Я окунул сухарь в тарелку с бульоном и, поболтав его, стал медленно вынимать, так чтобы отваливались разбухшие куски.
— А ты почему не ешь? — обратился отец к маме.
— Что-то нет аппетита, — ответила она, выходя из задумчивости. Ее губы скривились и вытянулись.
— А когда он у тебя был, аппетит-то? — промолвил папа и потянулся рукой к мисочке, в которой лежали вареные кроличьи лапки. Папино лицо стало еще добрее, из глаз посыпались лучики. Вообще таким уверенным в себе и счастливым отец бывал лишь за столом, нигде больше.
— А где гарнир?
Звякнула кастрюльная крышка, и над столом совершила несколько перелетов в обе стороны большая ложка с гречневой кашей. Затем появились дольки помидоров, стрелки зеленого лука.
— Ты обедаешь, как барон, — поддела его мама. — Разве голодранцы так обедают?
Не обращая внимания, папа сервировал стол возле себя: овощи — с одной стороны, гречневую кашу с кроликом — с другой, кружку с огуречным рассолом — с третьей.
— Обед главного инженера, — изрек он, полюбовавшись стоящими перед ним яствами.
— А ты и есть — главный инженер, — подтвердила бабушка.
— Хоть в одном мне повезло: теща — золотая.
Все-таки здорово, что папа — главный инженер. И зря мама называет его голодранцем. На заводе папа наверняка очень важный, ходит, сдвинув свои кустистые брови.
Вечером, придя с работы, он умывается и садится на свою табуретку в торце стола. На этой табуретке я могу сидеть в любое время, но только не тогда, когда папа собирается есть. Табуретка тогда превращается в его трон.

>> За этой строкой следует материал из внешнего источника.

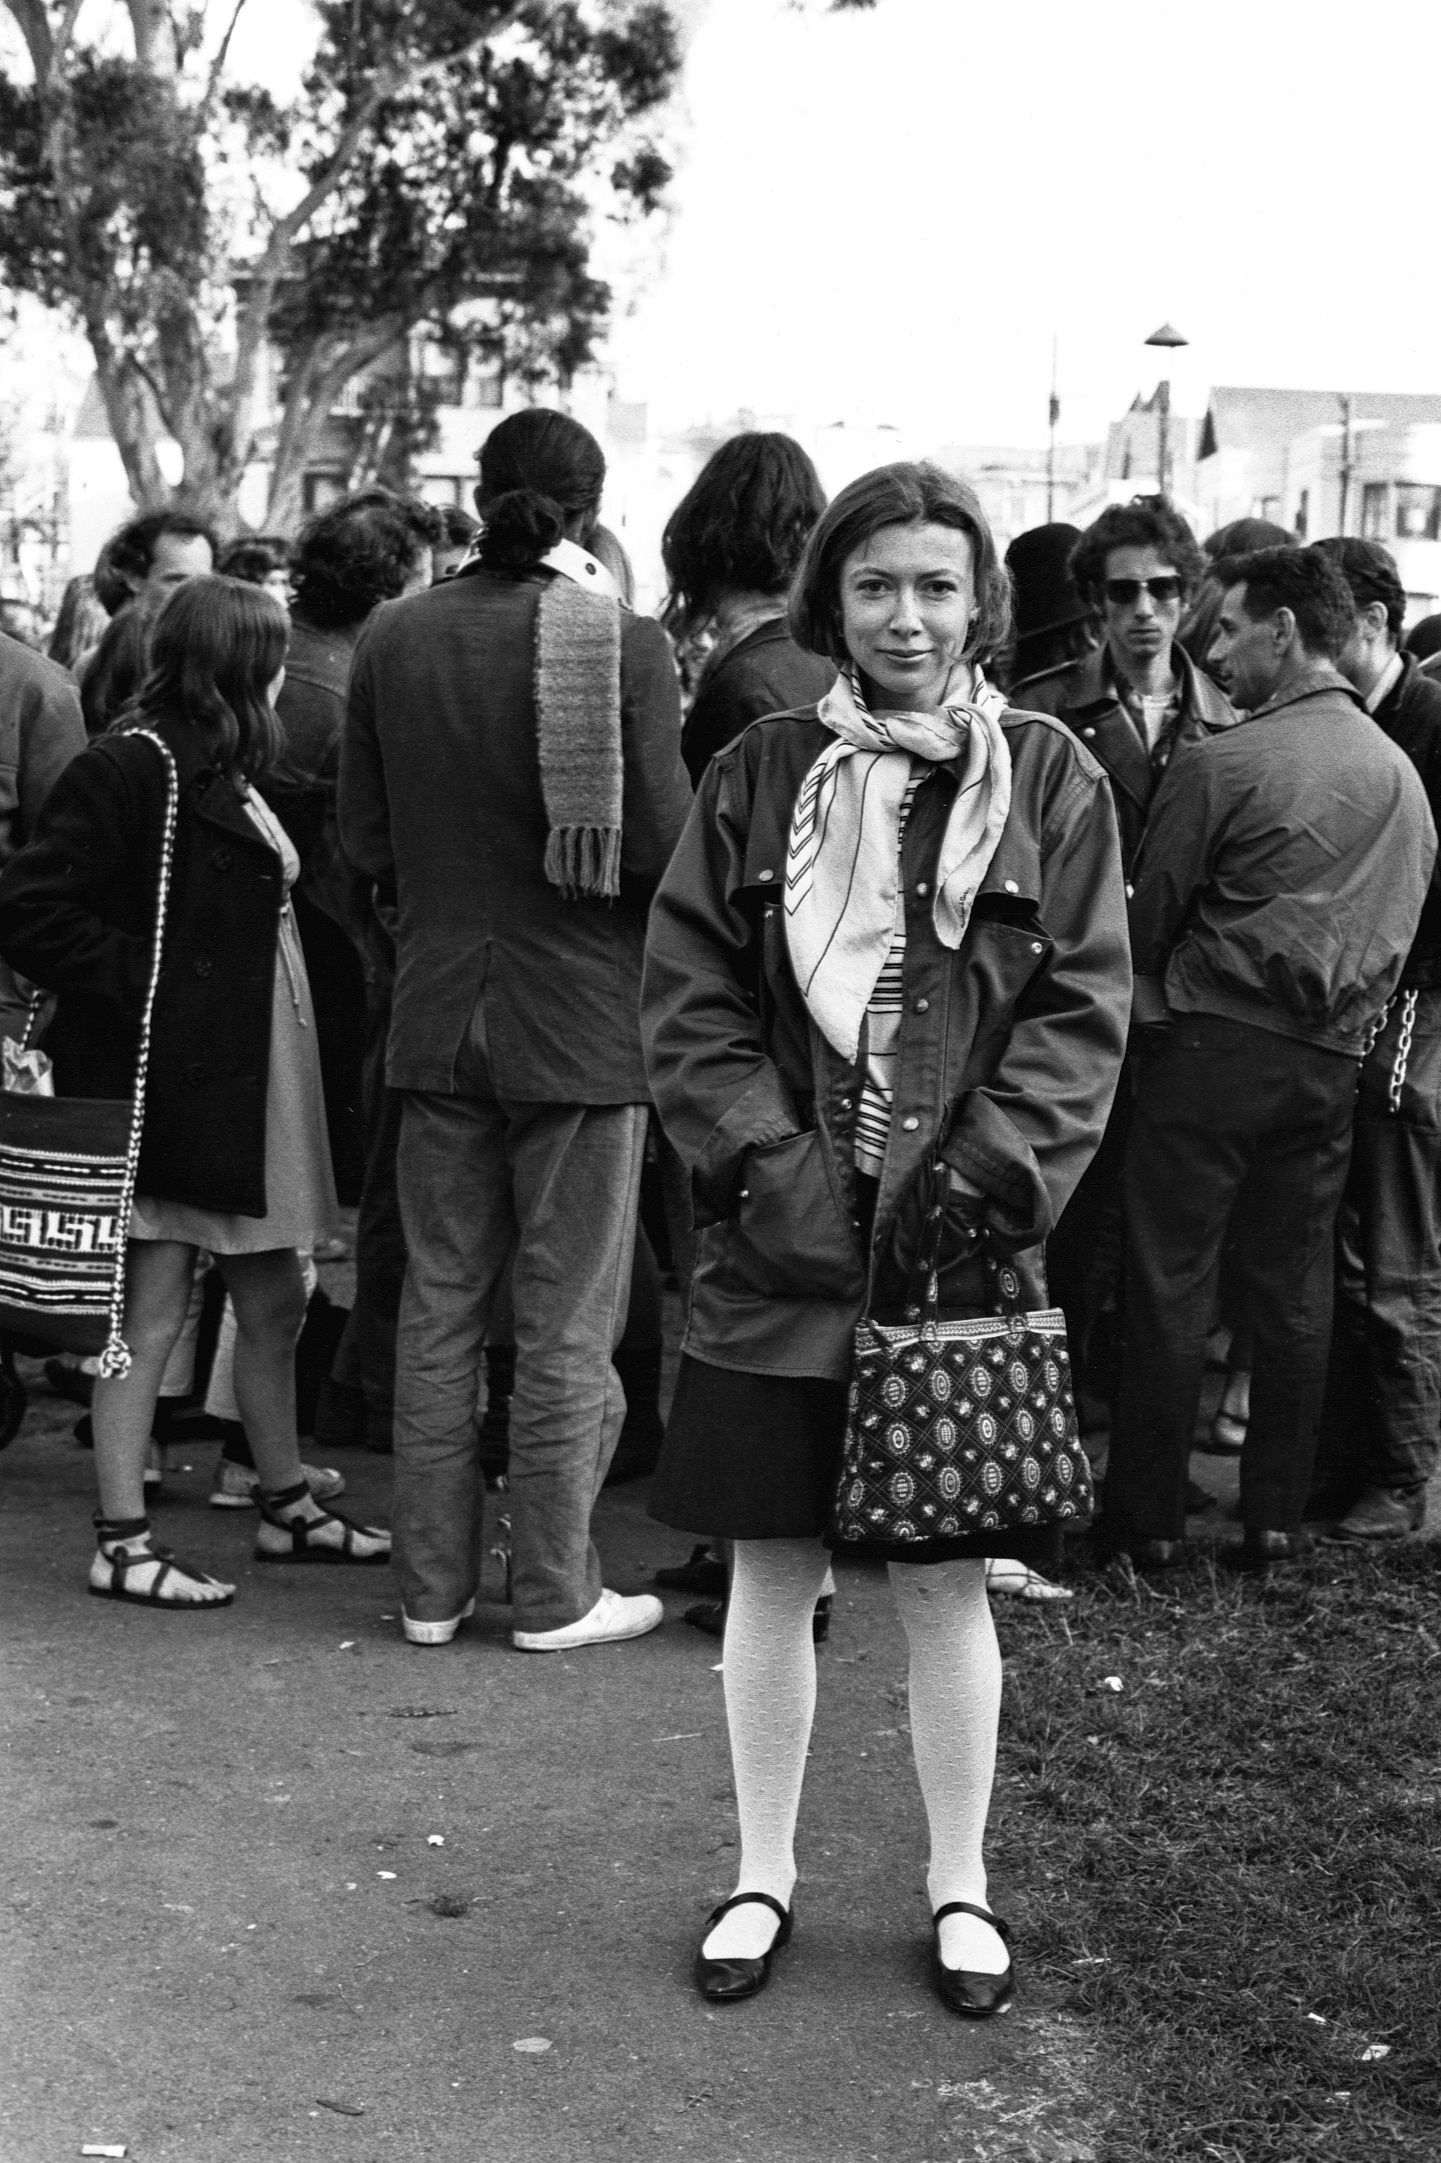 Η συγγραφέας Joan Didion στέκεται στο πάρκο Golden Gate Park με μια ομάδα χίπηδων κατά τη διάρκεια της συγγραφής του άρθρου της «Slouching Towards Bethlehem»

Мама сидит напротив, но это место за нею как бы не закреплено — иногда она может умоститься посередке, иногда и на углу, а если нет аппетита, вообще не приходит к столу. Мое же место всегда посередине. Как на казни.
Папа тем временем доел гречневую кашу, так изысканно названную «гарниром». Я обожал это слово «гарнир», наверное, так же, как папа — гречневую кашу. В бедной нашей жизни оно было вестником из другого мира — мира красивых слов: гарсон, гардины, гармония...
Груда грязных тарелок в умывальнике росла, а у меня с бульоном не клеилось: сколько ни скреб по тарелке, сколько ни гонял от берега к берегу лепесток вареной луковицы, бульона не убывало.
— А ну доедай, — сказала мама.
Я тяжело вздохнул — разве в меня может столько вместиться? Ипочему папа ест, сколько хочет, а я обязан съесть, сколько приказывают?
— Не могу больше, устал.
— А ну не выдумывай, доедай, — строго повторила мама. — Посмотри, какой ты худой.
— Сядь, как следует, — велел отец.
Пришлось еще и опустить ноги с табуретки.
— Пора его в школу вести, уже июль заканчивается, — сказал папа.
Дело в том, что я — ноябрьский, а в школу принимают лишь тех, кому семь лет исполнилось до сентября. Но родителям кто-то сказал, что можно «показать» меня директору, — вдруг разрешит пойти в этом году.
— Сегодня у нас что? Среда. Завтра мы с Леной идем делать рентген. Свожу-ка его в школу в пятницу, — отвечает бабушка.